Clemenceau (Georges), (suite)
« Le Père la Victoire ».
• L'entrée en guerre réveille l'ardeur du polémiste : les faiblesses, les fautes, les insuffisances des responsables, sont impitoyablement dénoncées dans son journal lancé en mai 1913, l'Homme libre, qui, interdit par le ministre de l'Intérieur en septembre 1914, reparaît sous le titre de l'Homme enchaîné. L'accession à la présidence des commissions sénatoriales de l'Armée et des Affaires étrangères, la réunion de « comités secrets » (séances à huis clos) du Sénat, représentent pour lui des occasions de se livrer à un sévère contrôle sur les gouvernements successifs : dans ce cadre, il s'informe, exerce des pressions, se soucie du sort des soldats, engage, en 1917, le combat contre le « défaitisme ». En novembre 1917, alors qu'une crise profonde sévit sur le front et à l'arrière, le président Poincaré, que Clemenceau avait combattu lors de son élection en 1913, fait appel à lui pour former le gouvernement. Le Tigre constitue un gouvernement composé d'hommes choisis à titre personnel, sans considérations de dosage partisan. Il ne rencontre guère d'opposition, sinon celle des socialistes et de certains radicaux. Il dirige alors avec un style très personnel, réglant les affaires entouré d'un petit nombre de conseillers, notamment le général Mordacq et Georges Mandel, mais faisant fréquemment appel à la confiance des Chambres. C'est avec l'appui de l'opinion publique, et en étroite coopération avec les chefs militaires, que le Tigre, mû par le souci constant de maintenir le contact avec les combattants, mène le pays à la victoire finale. Celle-ci acquise, il lui reste à négocier les conditions de paix.

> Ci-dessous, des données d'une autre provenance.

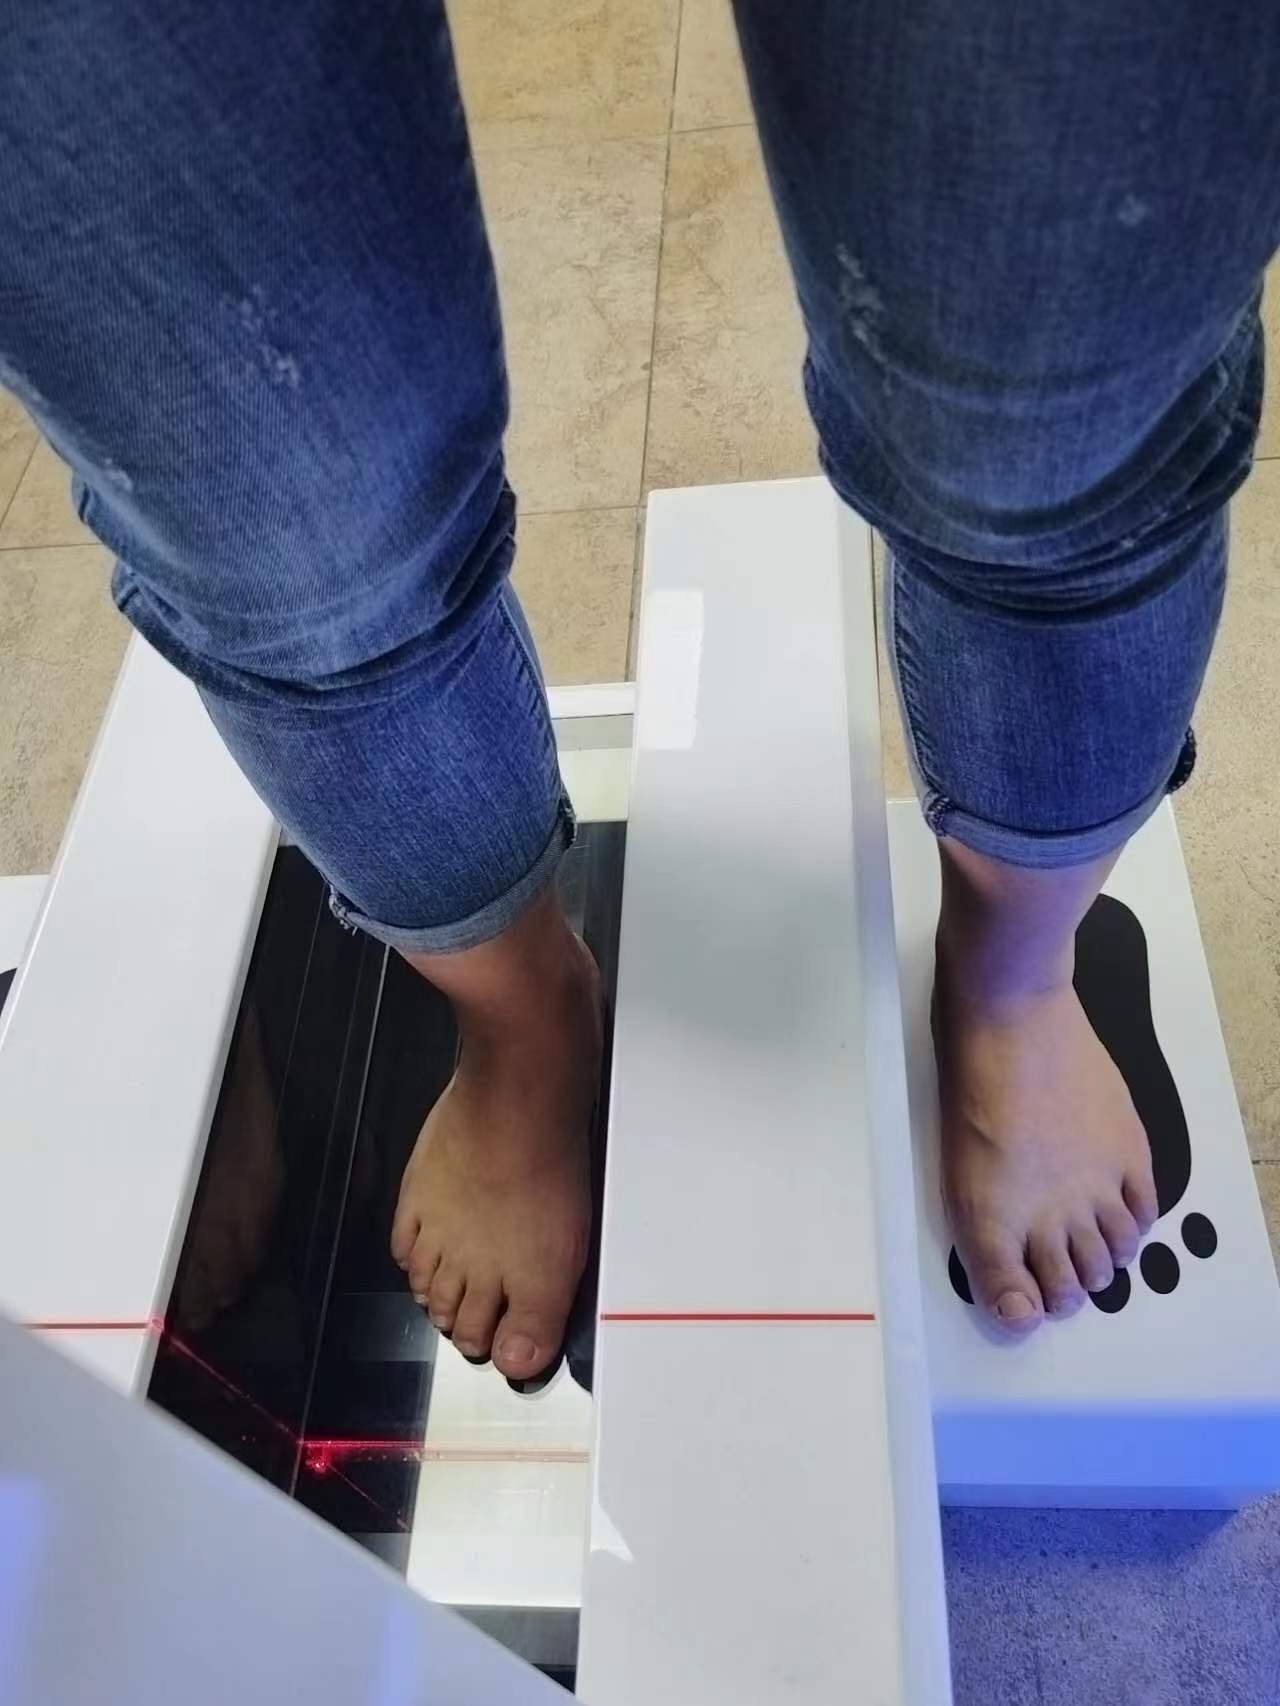 3D激光足底掃描儀在足部健康等領域的應用及原理

Il ne partage nullement les vues du président américain Wilson concernant l'organisation future de l'Europe, mais il doit tenir compte à la fois des impératifs posés par la sécurité de la France et du point de vue des alliés anglo-saxons : le traité de Versailles (28 juin 1919) résulte d'un compromis entre ces différentes exigences. Clemenceau pense alors terminer sa carrière par l'accession à la magistrature suprême. Même si la nouvelle majorité de la Chambre « bleu horizon » admire l'homme qui a conduit la guerre, elle se méfie de l'anticlérical ; et, de nombreux parlementaires de tous bords ayant subi ses attaques ou ses sarcasmes, l'un de ses vieux rivaux, Aristide Briand, peut aisément mener la campagne qui aboutit à l'élection de Paul Deschanel à la présidence de la République (janvier 1920). Déçu et amer, le Père la Victoire s'éloigne définitivement de la vie politique. Il publie ses réflexions dans une ultime profession de foi positiviste : Au soir de la pensée (1927).
« Complice des communards », « tombeur de ministères », « briseur de grèves », « dictateur », mais aussi « Père la Victoire », Clemenceau laisse une image contrastée. Mais on peut observer que toute sa vie politique, si remplie et si ardente, a témoigné de son souci de concilier deux aspirations complémentaires : l'affirmation de l'autorité de l'État républicain, garant des libertés, et la primauté de l'individu, qu'il a toujours considérée comme la finalité dernière de l'organisation collective.